## Data segment

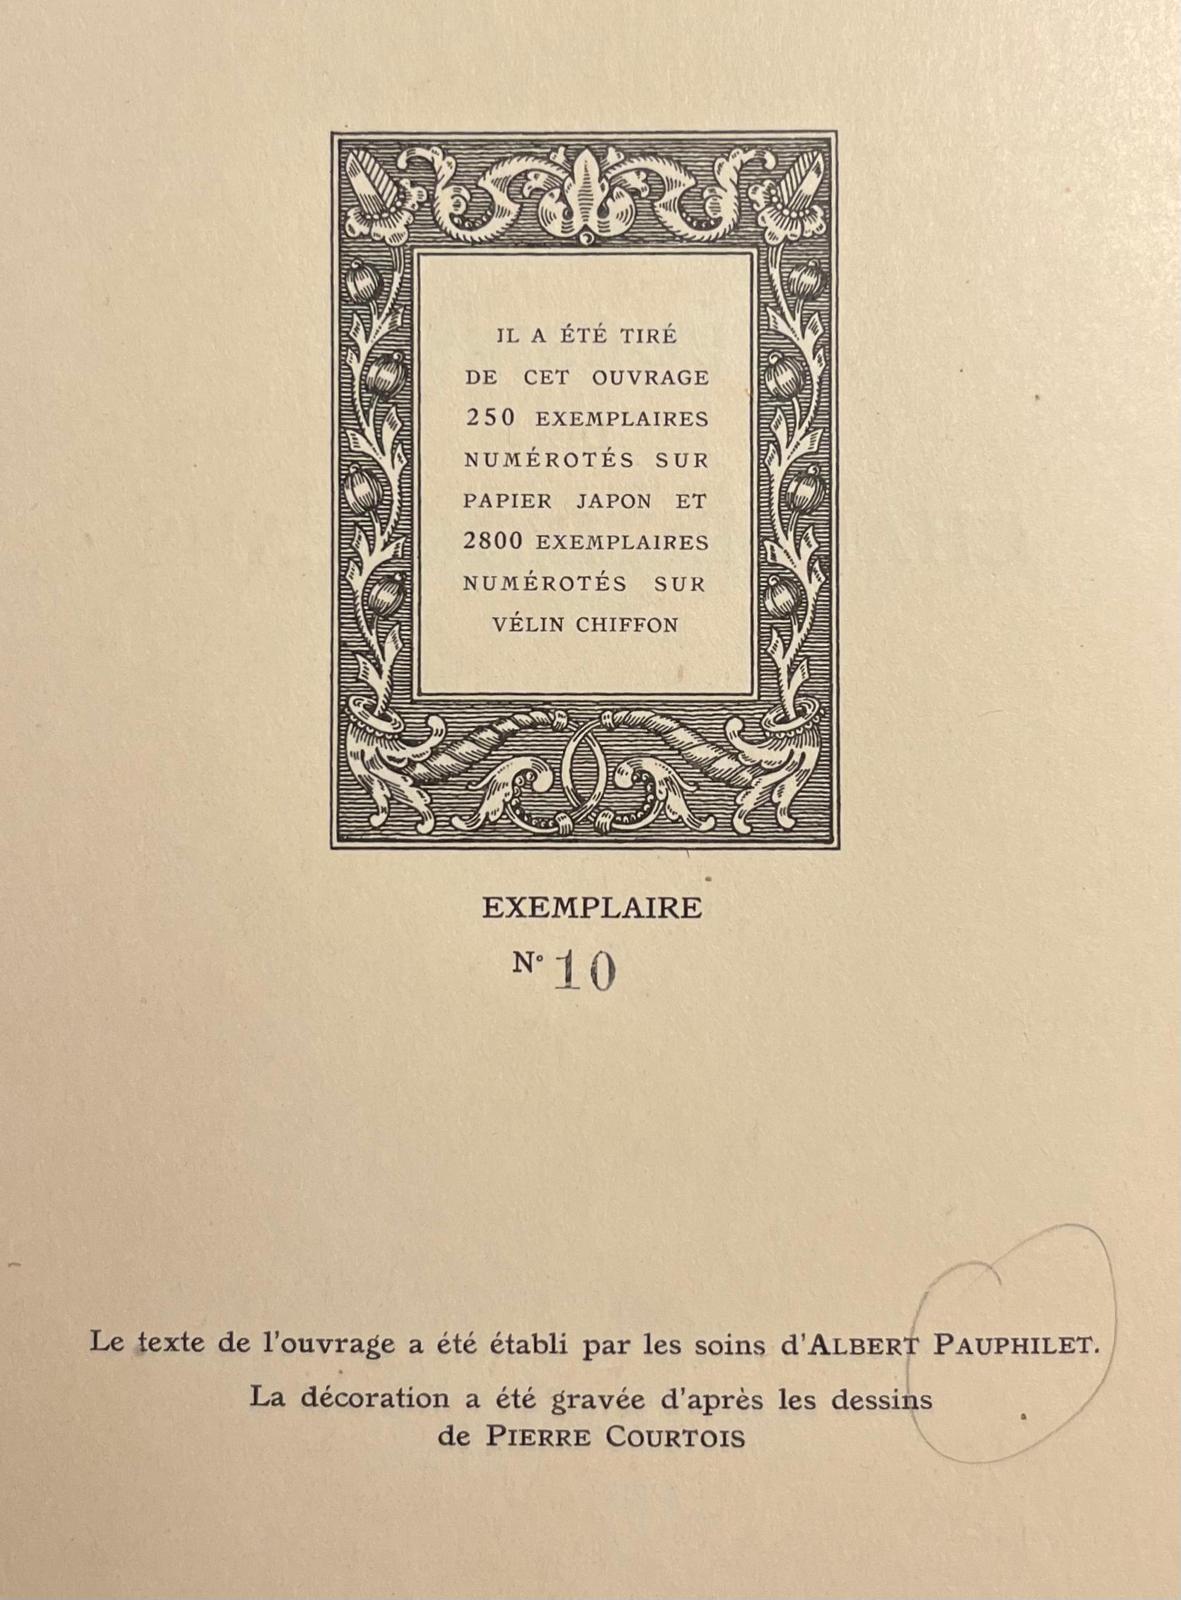 Poetry, 1926, French | Poésies de Charles d'Orléans. Paris, H. Piazza, 1926, 126 pp.
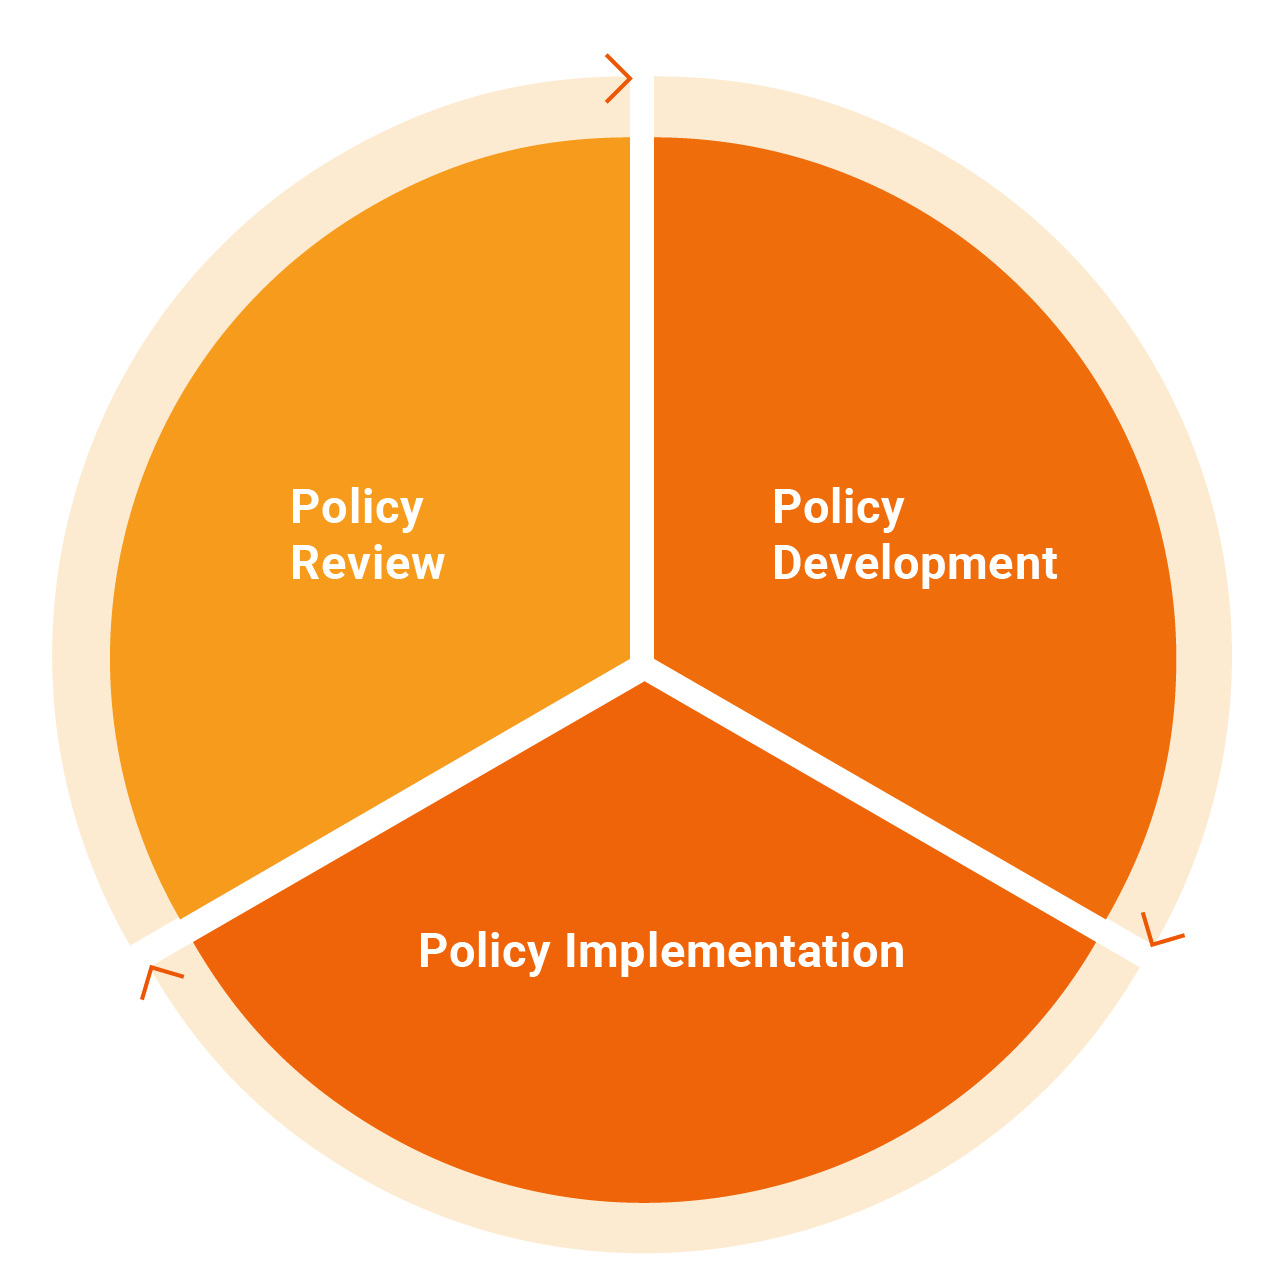 (to) implement policies là gì? Implementing là gì?
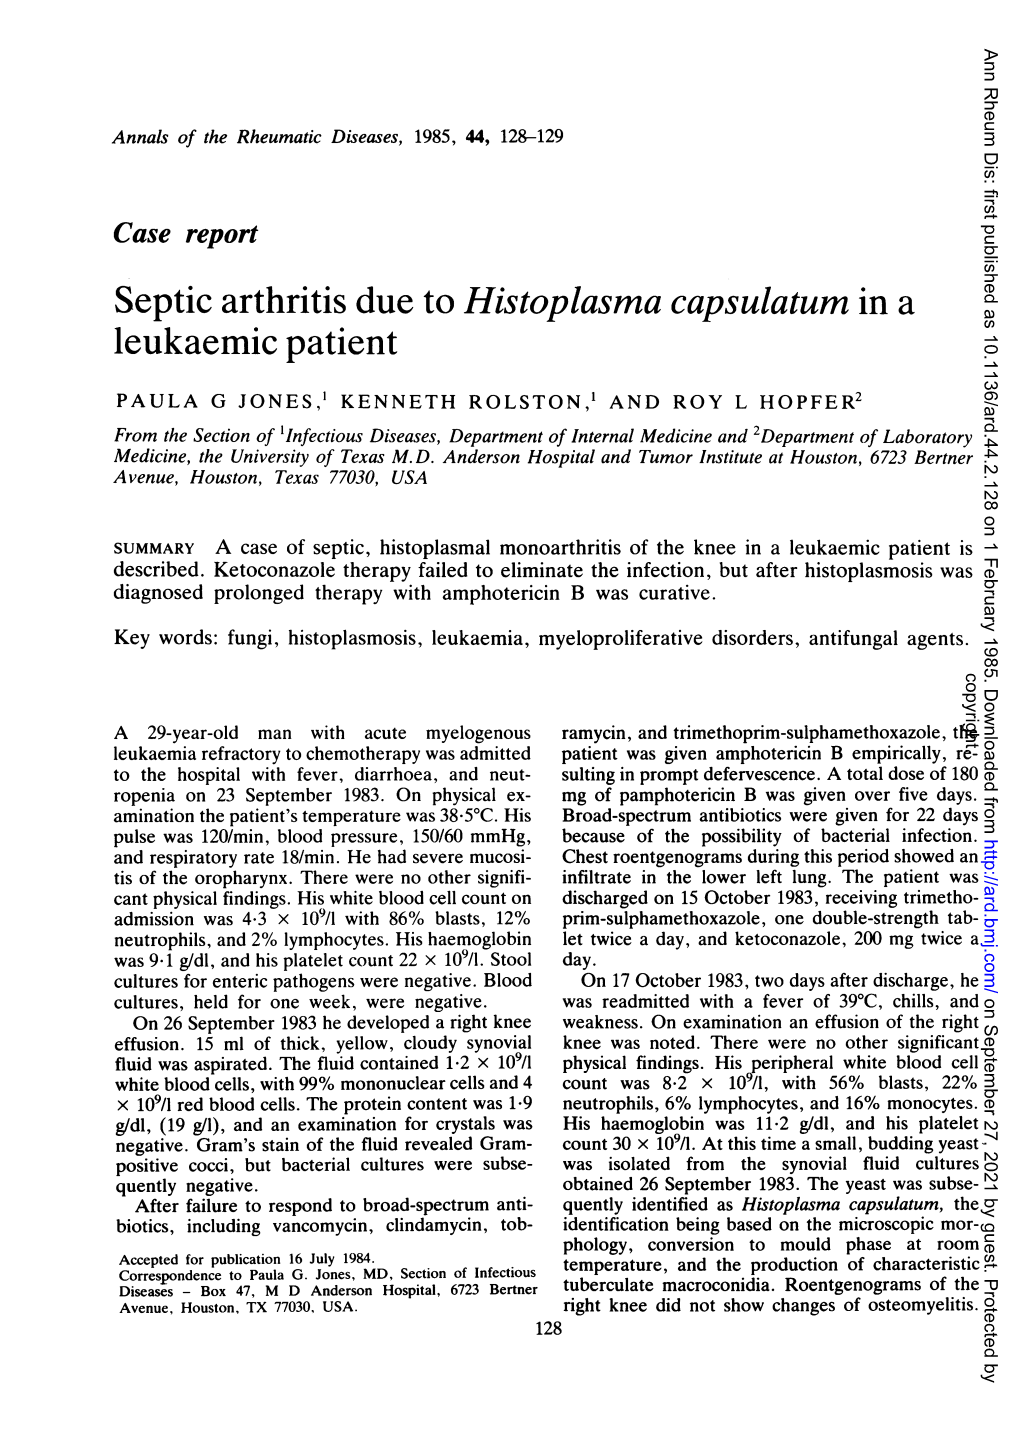 Septic Arthritis Due to Histoplasma Capsulatum in a Leukaemic Patient

## Assigned task
Would you output the listing above verbatim, without its pictures?

## Your solution
 Poetry, 1926, French | Poésies de Charles d'Orléans. Paris, H. Piazza, 1926, 126 pp.
 (to) implement policies là gì? Implementing là gì?
 Septic Arthritis Due to Histoplasma Capsulatum in a Leukaemic Patient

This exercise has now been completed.